[Exercise details]:
Begin at the line containing "Artbees, Logo, Scotland - artbees | ello" and restate it and each line after it exactly, up to and including the last line below. Leave pictures out.

[Information provided]:
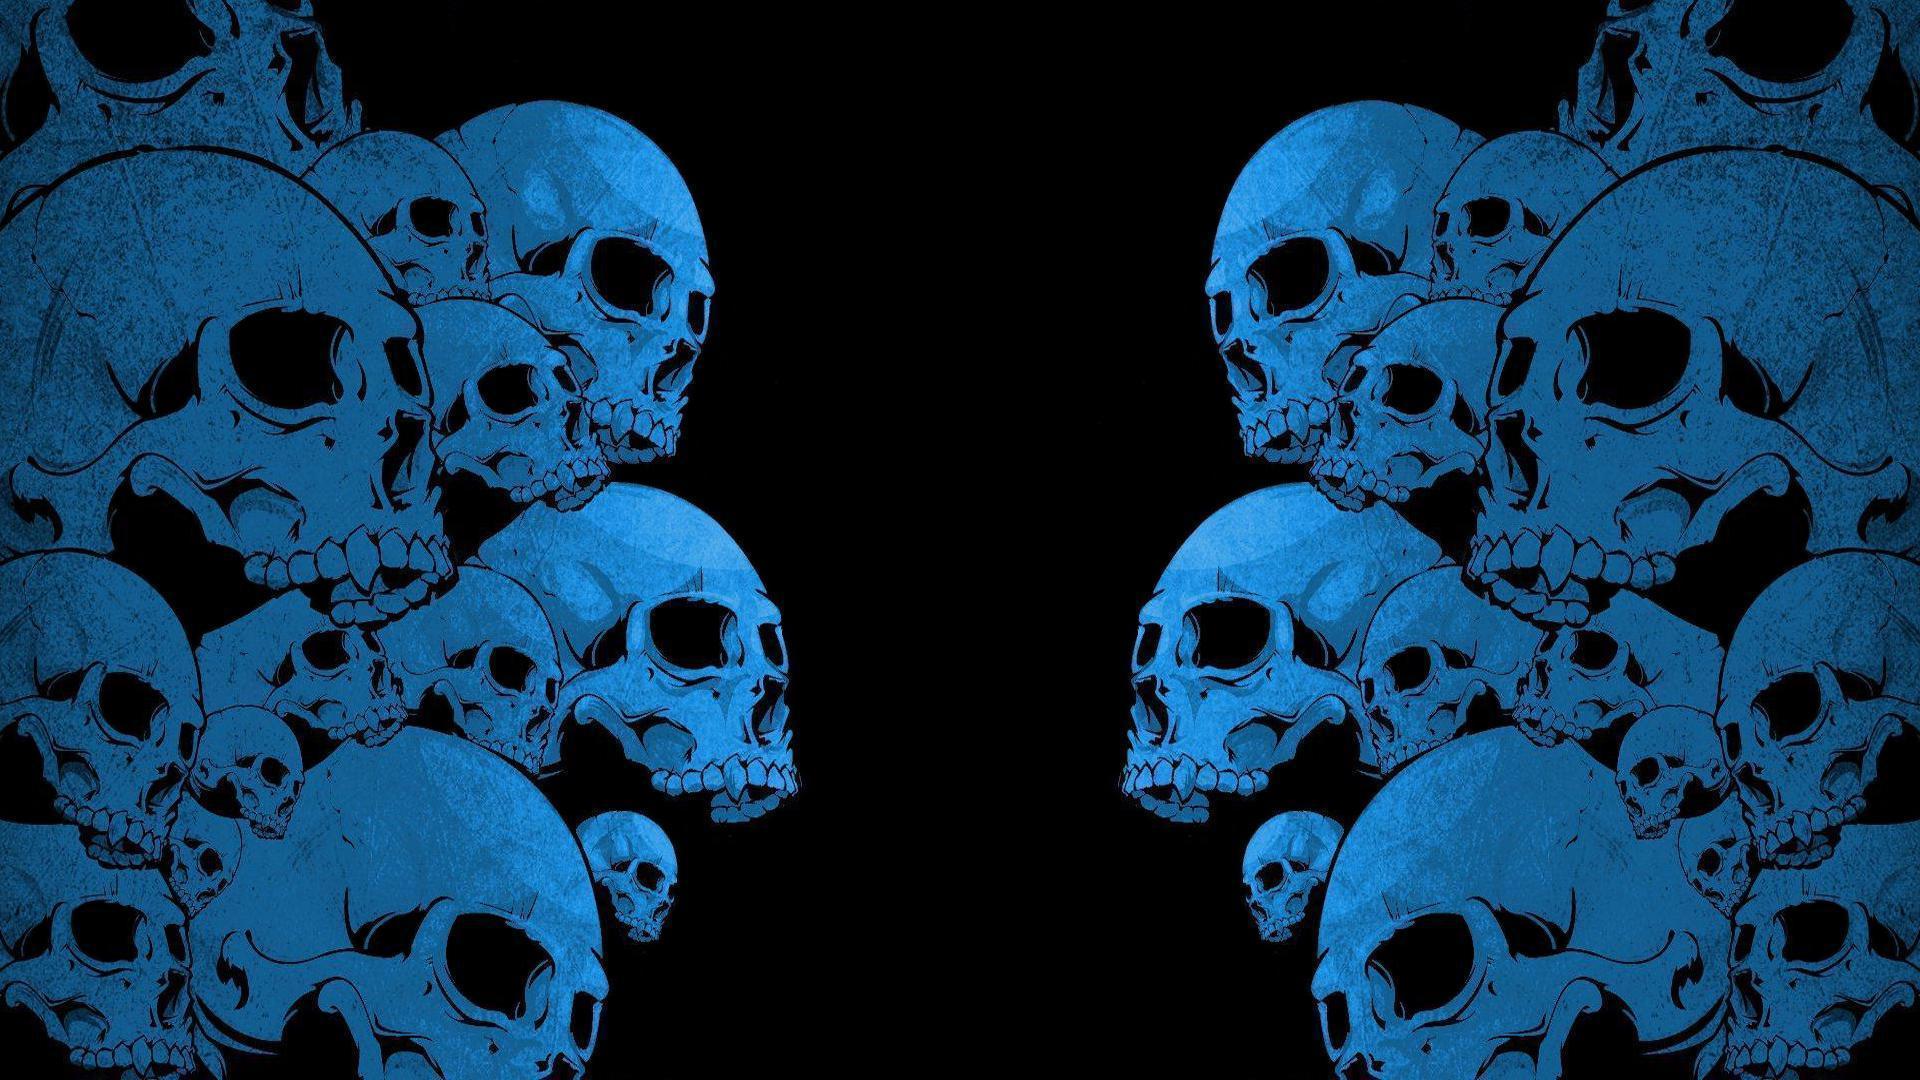 HD Skull Wallpapers 1920x1080
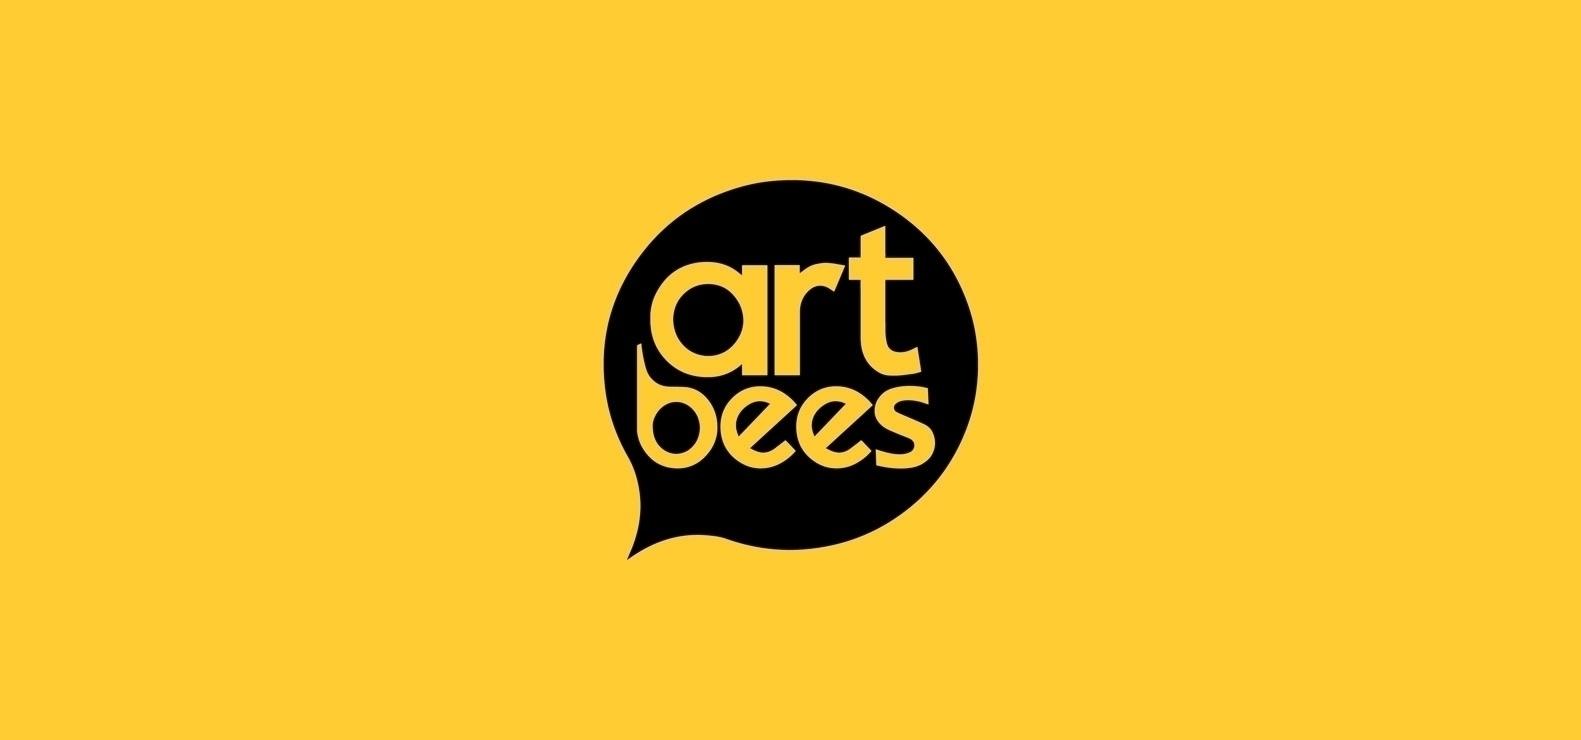 Artbees, Logo, Scotland - artbees | ello
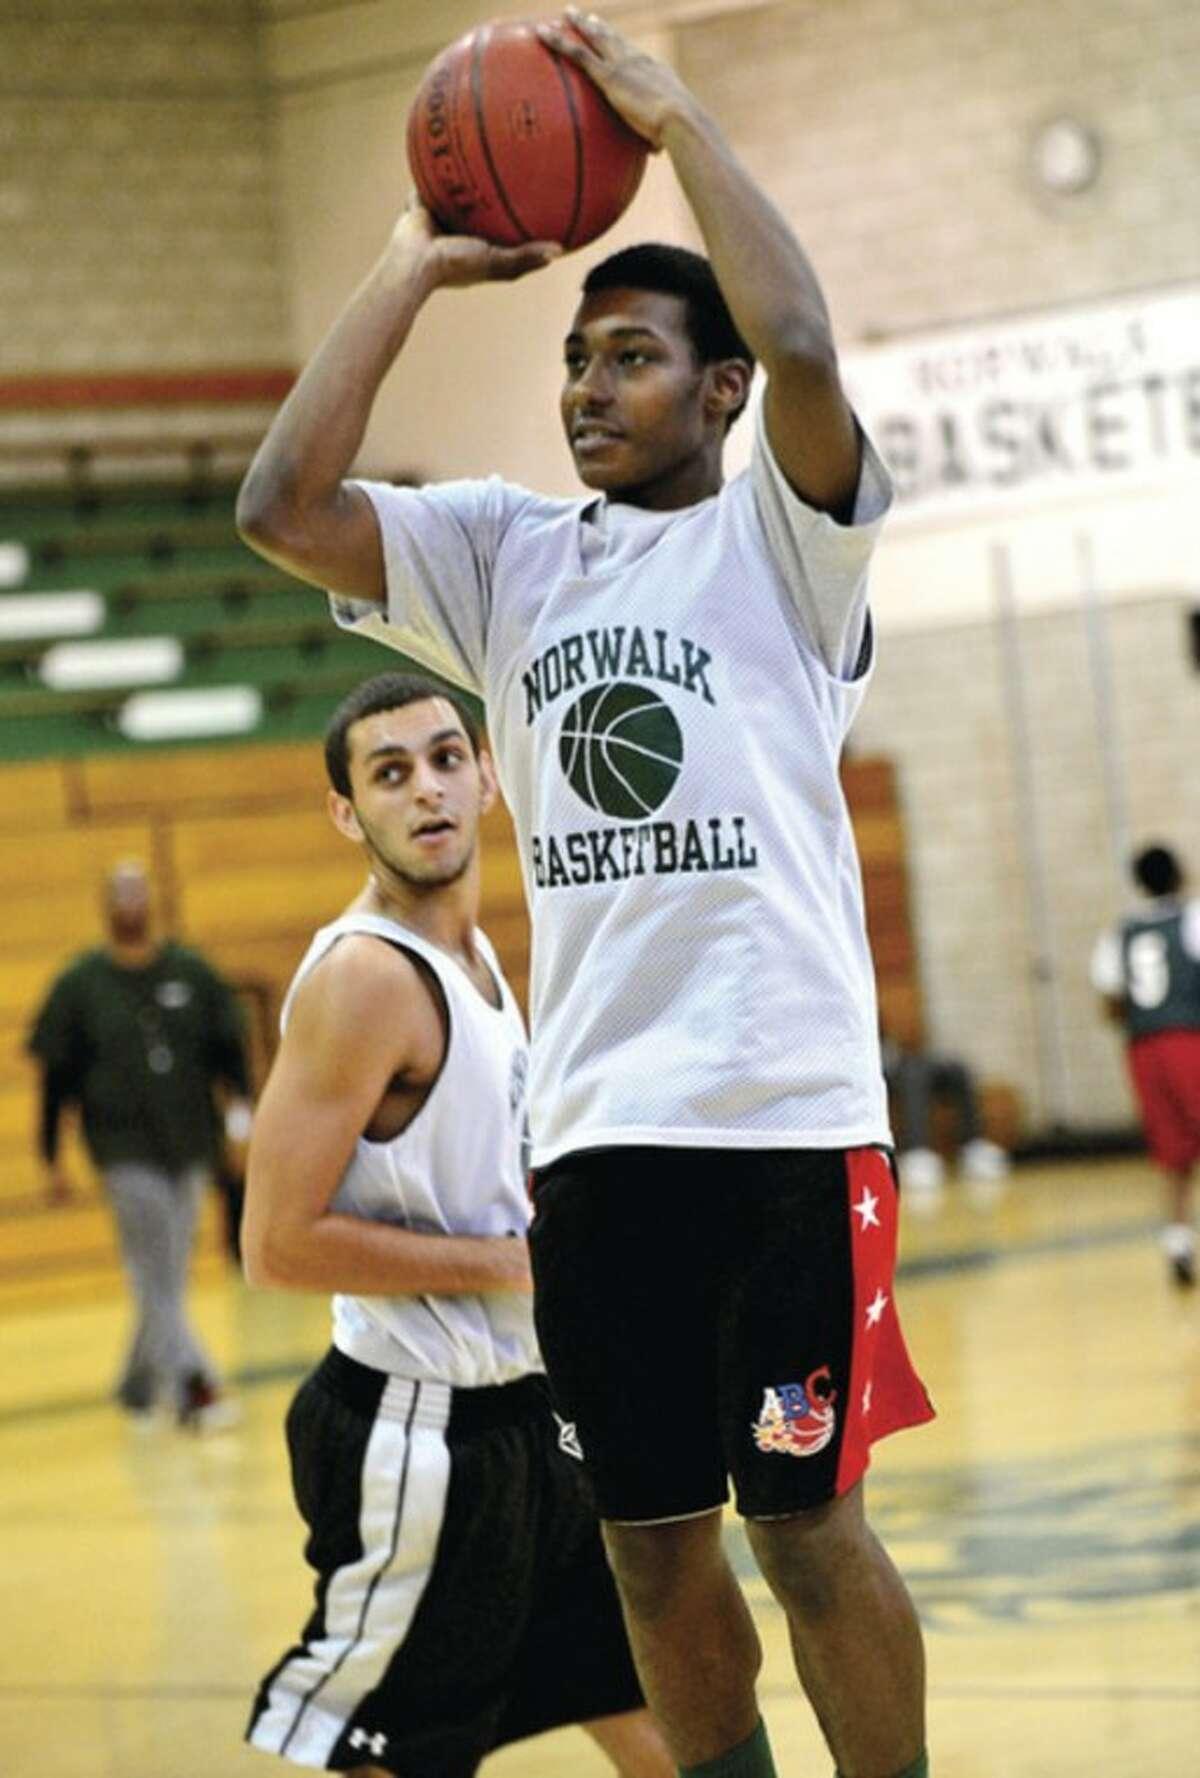 Norwalk High School hoops player Jabari Dear will help lead the team this year. Hour photo / Erik Trautmann

[Solution for this exercise]:
 Artbees, Logo, Scotland - artbees | ello
 Norwalk High School hoops player Jabari Dear will help lead the team this year. Hour photo / Erik Trautmann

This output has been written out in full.